Emotional Rescue: Talk about what your old goals meant to you, mourn the loss together, then make a pact to live with what is, says Dickson. Set new priorities to match your present circumstances. Instead of going on a big family vacation or building a teen hangout in the basement, says Rabinowitz, consider going away for the weekend to a nearby beach or painting your living room, with pizza and paintbrushes for everybody. It's the sharing of the experiences, not the money spent creating them, that matters most.
Money worries impacting your relationship? Share how you're dealing by joining the conversation at momster.com/group/marriagemoney.
Opposite money-management styles can really complicate a marriage. "The differences you may have glossed over before can't be ignored now, because there's less money," says Marcia Brixey, author of The Money Therapist: A Woman's Guide to Creating a Healthy Financial Life (Seal Press). But there are plenty of things you can do to find common ground, says Katherine Yost, PhD, a marriage and family therapist in Bellevue, Washington. With planning, everybody can adapt to the new economy and have his or her emotional needs met at the same time.
For starters, says Yost, let the spender spend. People who are told "No" to everything begin to feel resentful and deprived, and sooner or later (after a fight or on a bad day at work) they'll break out with a spending binge. Everybody gets at least a little discretionary cash—and with it a sense of freedom.
Similarly, allow the saver to save. Putting some money away for a rainy day is fiscally sound, yes. But people who keep a tight rein on spending need to continue doing so to ease their sense of helplessness about what's in the news or what's happening at work. A dollar saved feels like insurance to them.

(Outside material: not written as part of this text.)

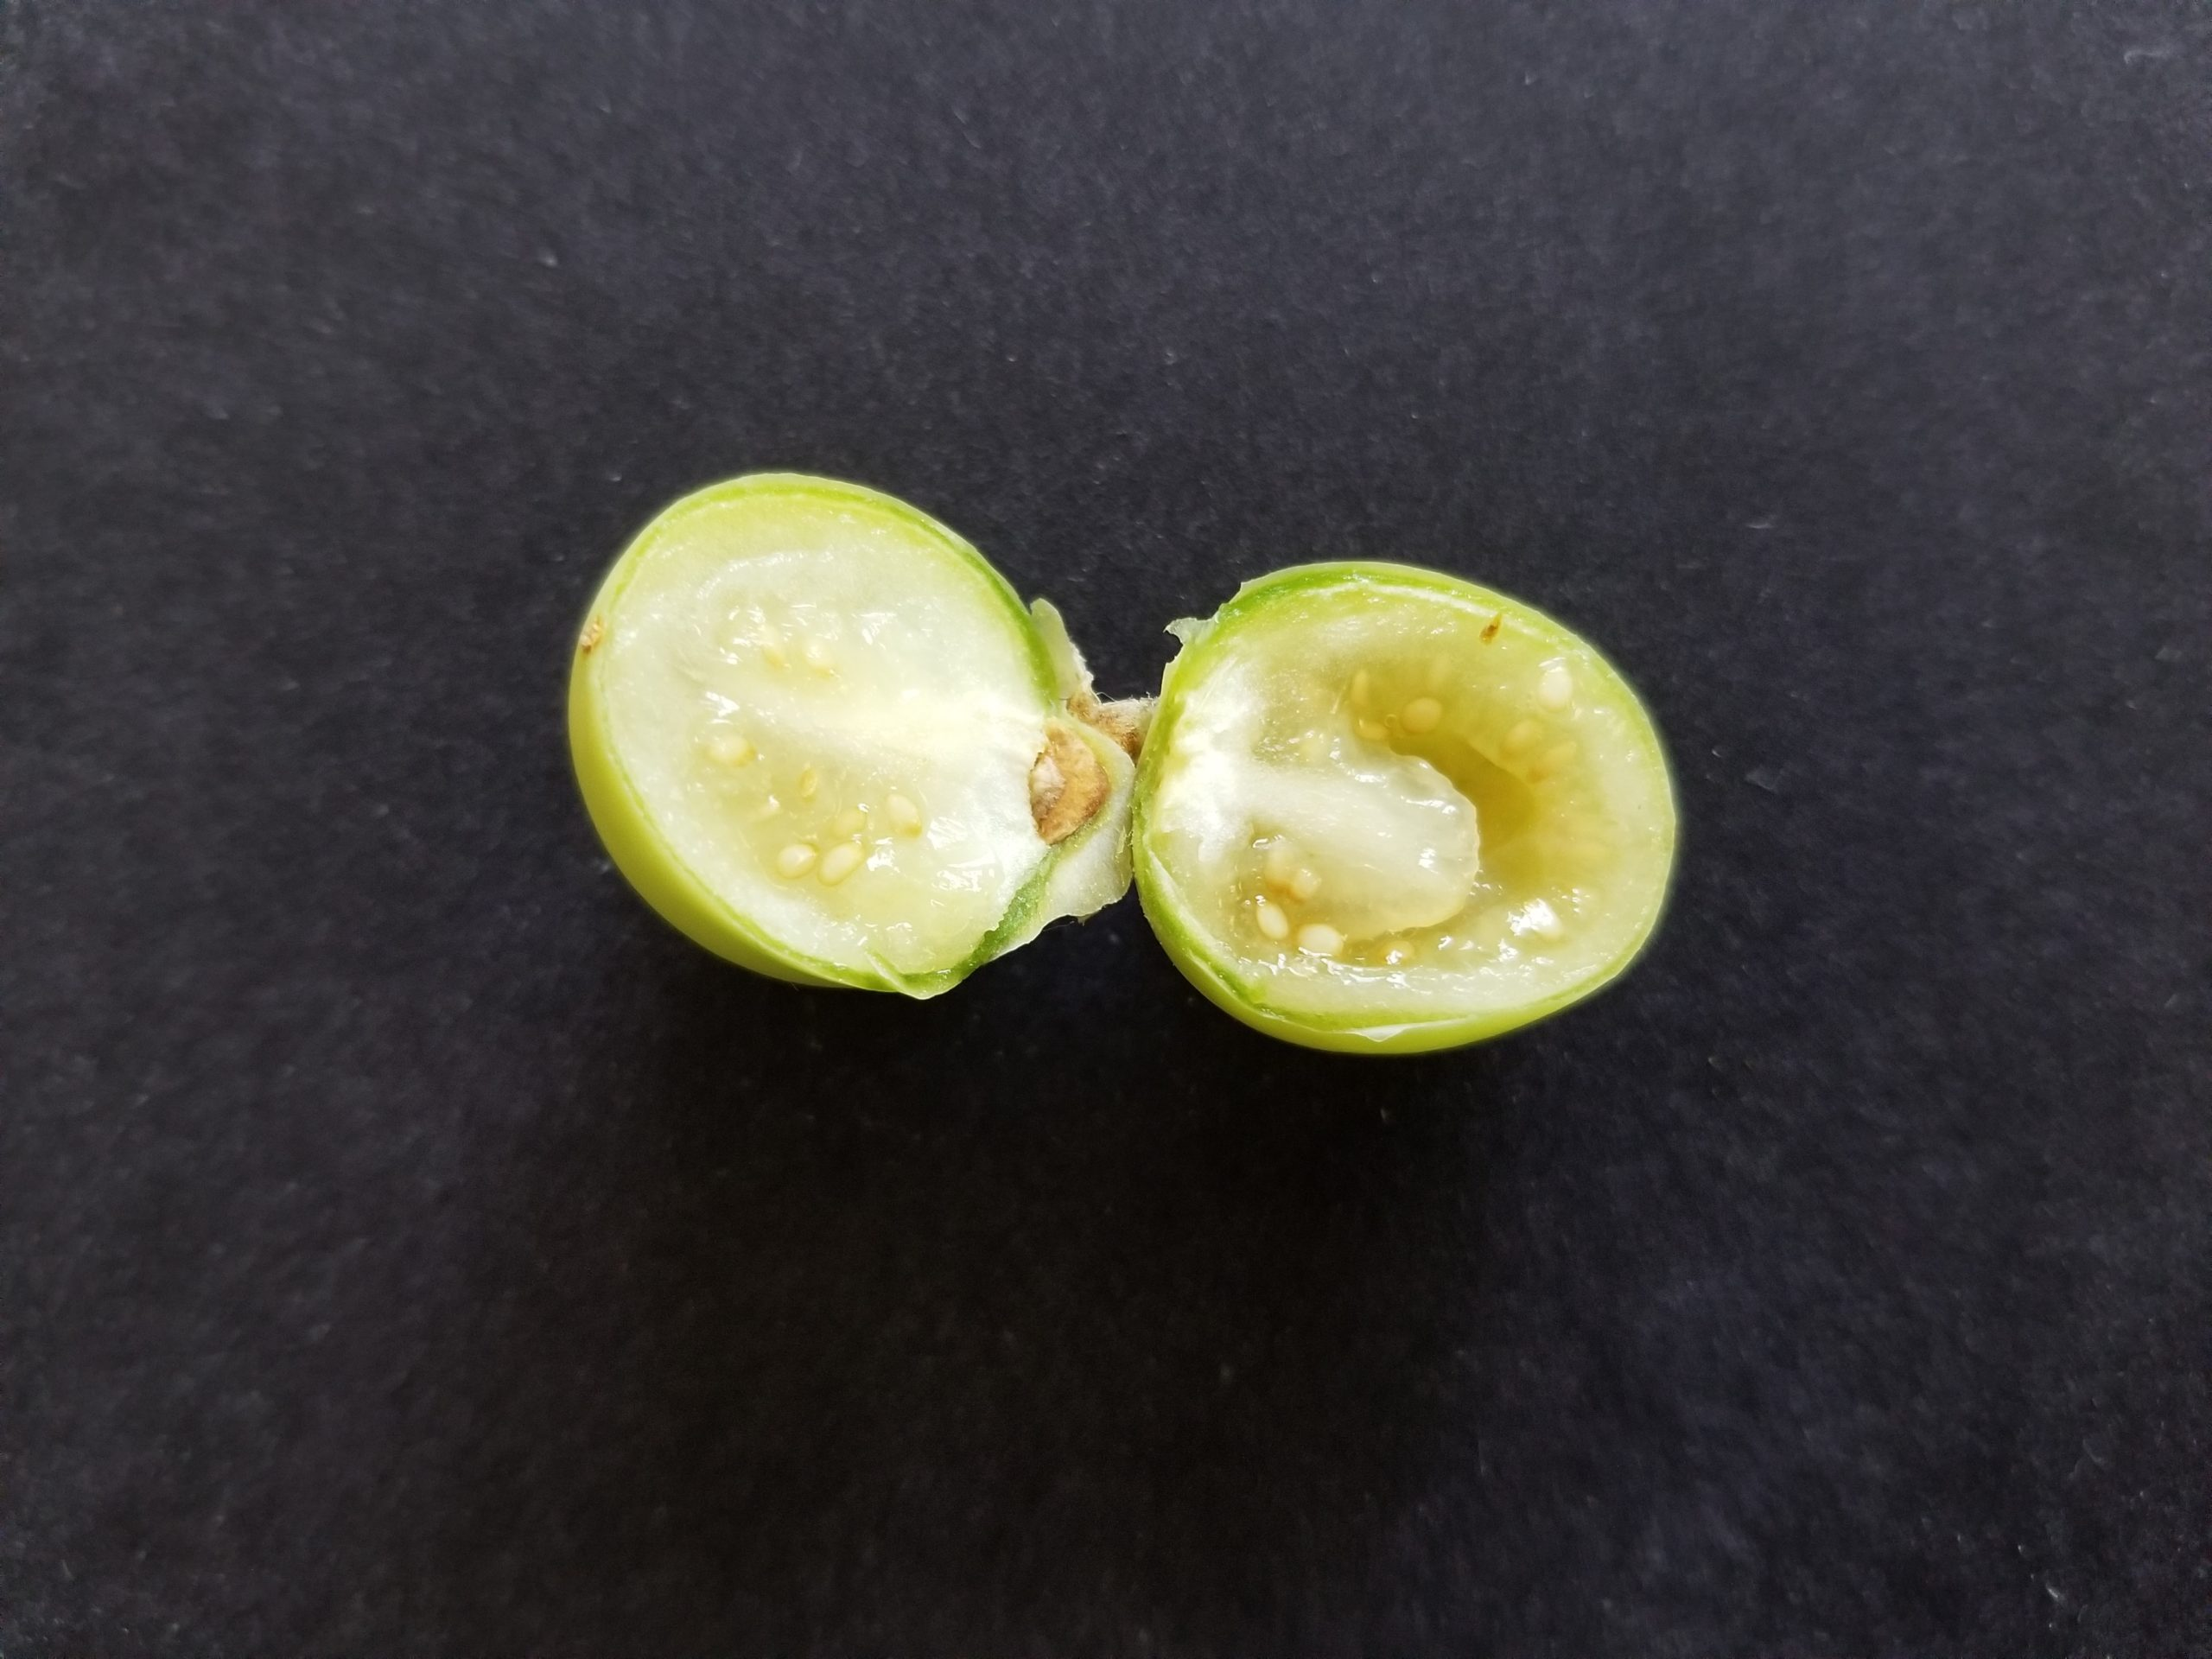 True potato seed ball cut open

Most important, though, is to make new couple rules. "When financial guidelines are explicit," says Yost, "the whole family does better."
Have quality-of-life splurges. It could be an occasional dinner out, trading off who chooses when and where. (Give the kids a chance to decide too.)

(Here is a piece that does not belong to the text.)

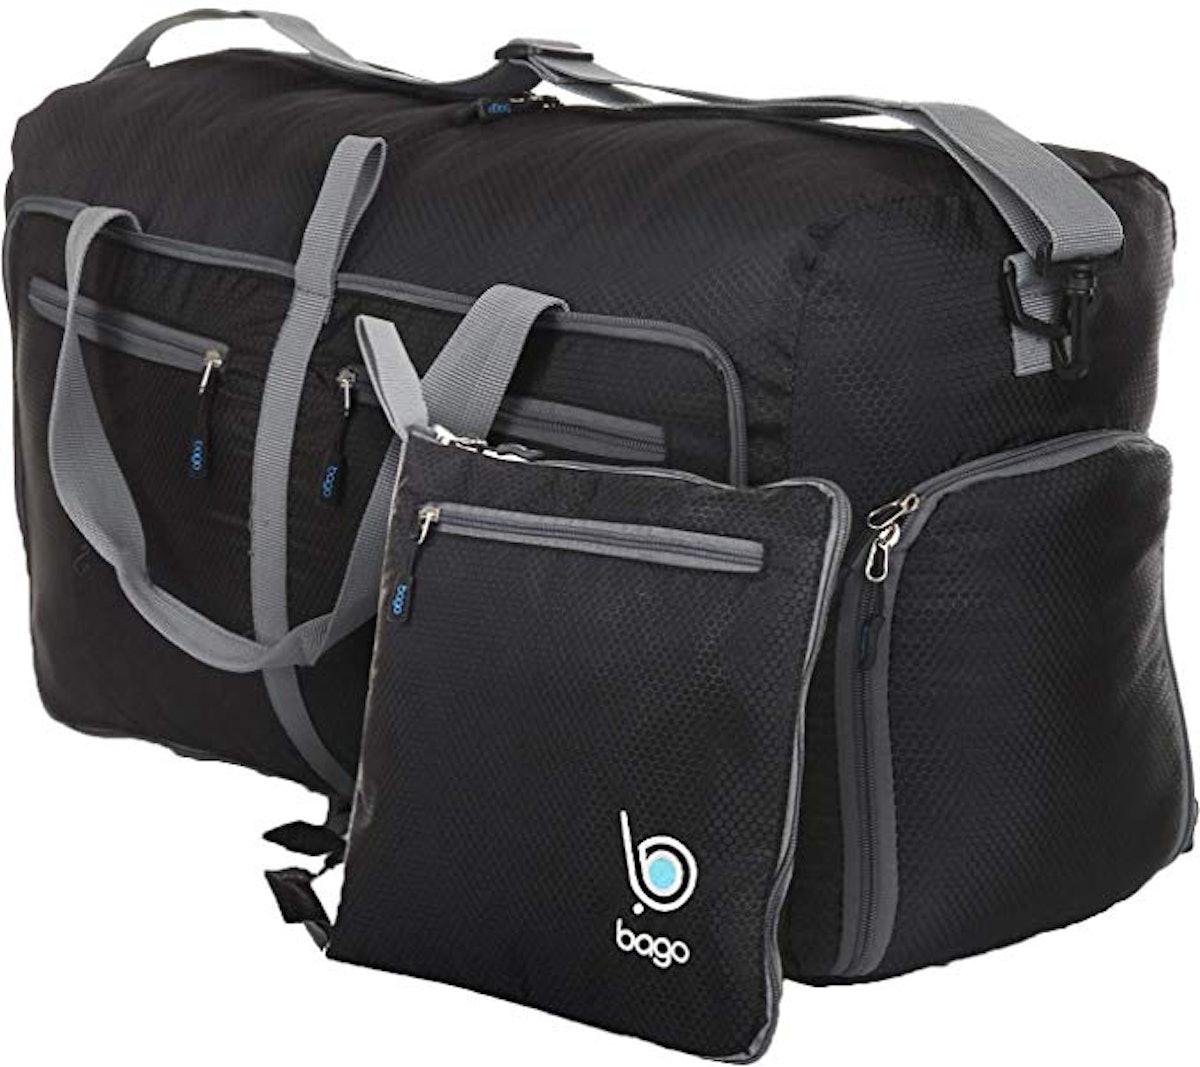 "Bago 27"" Duffle Bag for Men And Women"

Create a fun slush fund. Take a certain sum from every paycheck—say $20—and decide what it'll go for, maybe a matinee movie. On off weeks, scope out free local events.
Save money regularly. It doesn't have to be a lot—socking away even just a few dollars a week is a habit that's reassuring when times are tough.
Give each partner a weekly allowance. This amount can be spent without consulting the other. It's for the daily stuff—parking fees, filling up the tank, your morning latte fix, etc.
Plan gift-giving ahead of time. Decide how much you'll be able to spend on family and friends for each of the upcoming holidays and birthdays.
Discuss indulging the kids less. A lot of people want their children to have everything. But it's healthy for them to see you prioritize, and to learn to wait and do with less. Really.